Report on Nevados de Chillan (Chile) — 11 September-17 September 2019
Smithsonian / US Geological Survey Weekly Volcanic Activity Report,
11 September-17 September 2019
Managing Editor: Sally Kuhn Sennert
Please cite this report as:
Global Volcanism Program, 2019. Report on Nevados de Chillan (Chile). In: Sennert, S K (ed.), Weekly Volcanic Activity Report, 11 September-17 September 2019. Smithsonian Institution and US Geological Survey.
Nevados de Chillan
36.868°S, 71.378°W; summit elev. 3180 m
All times are local (unless otherwise noted)
ONEMI and SERNAGEOMIN reported that during 10-17 September white-to-gray gas plumes from Nevados de Chillán’s Nicanor Crater rose 400-800 m above the rim and drifted NE, E, and SE. Explosions sometimes ejected incandescent material onto the E and SE flanks. A lava flow on the NNE flank was 100 m wide, 5 m thick, and had advanced 600 m by 14 September. The Alert Level remained at Orange, the second highest level on a four-color scale. ONEMI maintained an Alert Level Yellow (the middle level on a three-color scale) for the communities of Pinto, Coihueco, and San Fabián, and stated that the public should stay at least 3 km away from the crater on the SW flank and 5 km away on the ENE flank.

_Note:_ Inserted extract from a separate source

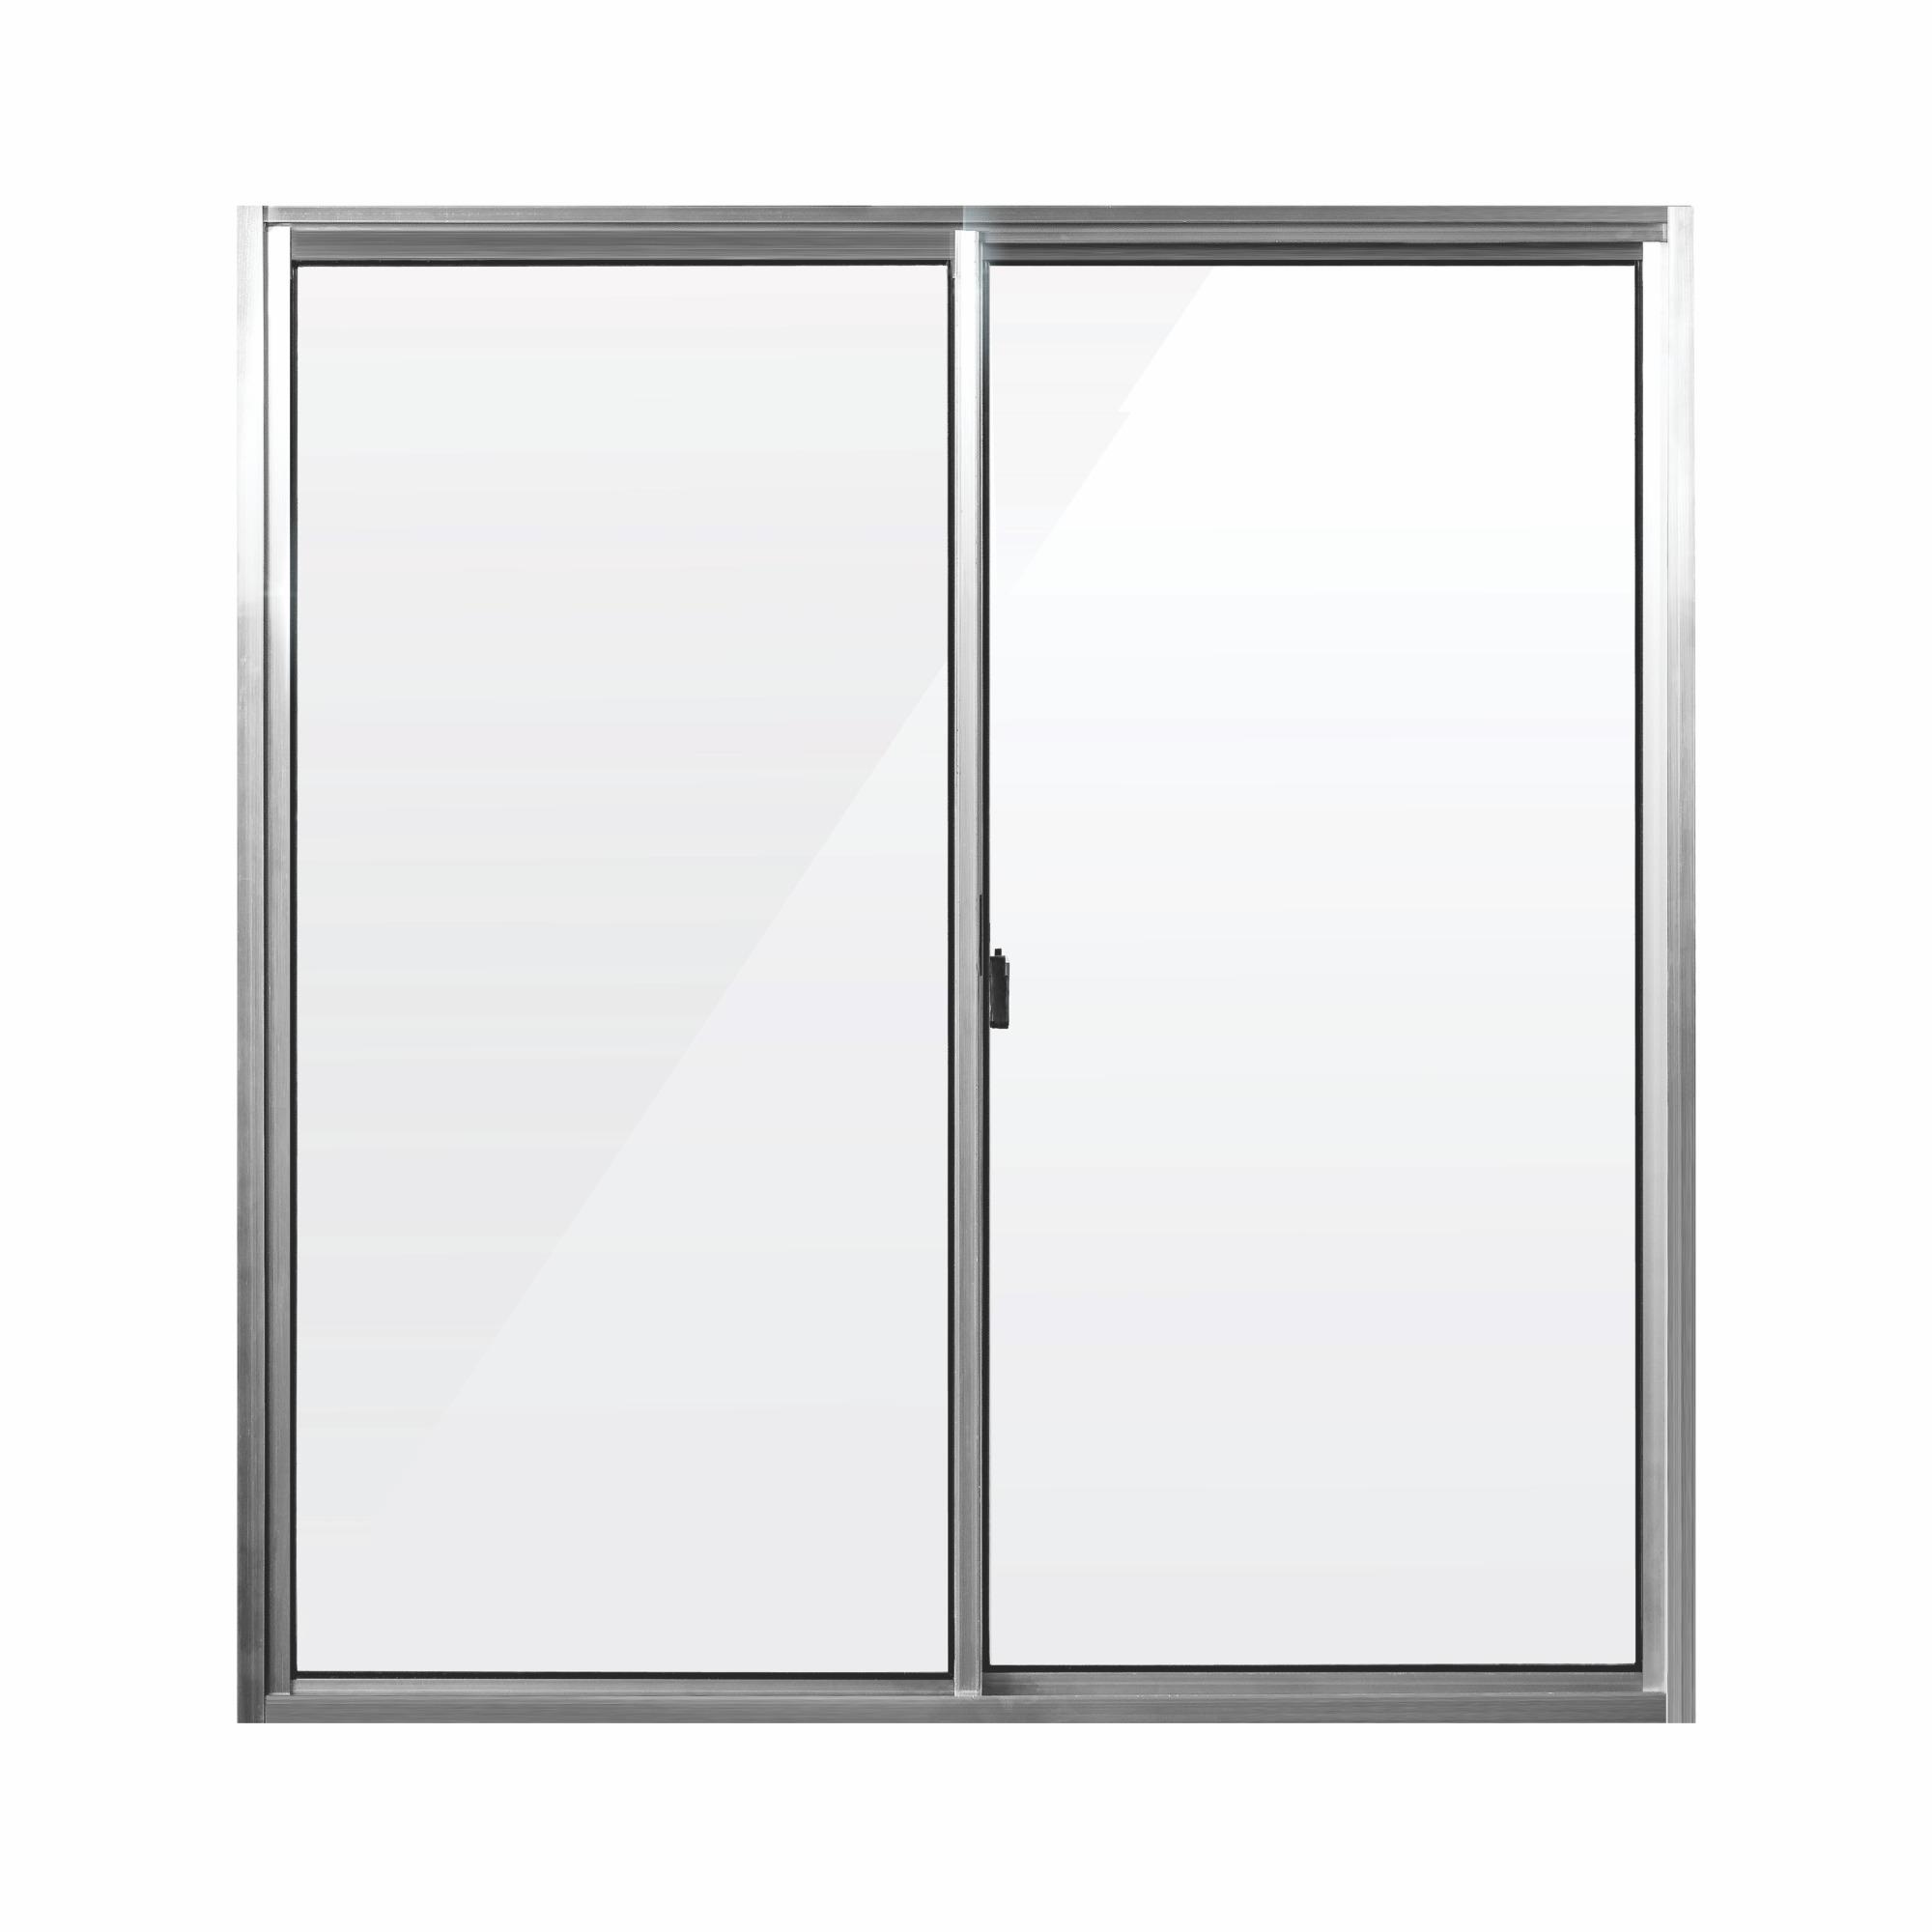 Janela de Correr de Aluminio 2 Folhas Vidro Liso 80x80 cm - Aluvid

Geological Summary. The compound volcano of Nevados de Chillán is one of the most active of the Central Andes. Three late-Pleistocene to Holocene stratovolcanoes were constructed along a NNW-SSE line within three nested Pleistocene calderas, which produced ignimbrite sheets extending more than 100 km into the Central Depression of Chile. The dominantly andesitic Cerro Blanco (Volcán Nevado) stratovolcano is located at the NW end of the massif. Volcán Viejo (Volcán Chillán), which was the main active vent during the 17th-19th centuries, occupies the SE end. The Volcán Nuevo lava-dome complex formed during 1906-1945 on the NW flank of Viejo. The Volcán Arrau dome complex was then constructed on the SE side of Volcán Nuevo between 1973 and 1986, and eventually exceeded its height. Smaller domes or cones are present in the 5-km valley between the two major edifices.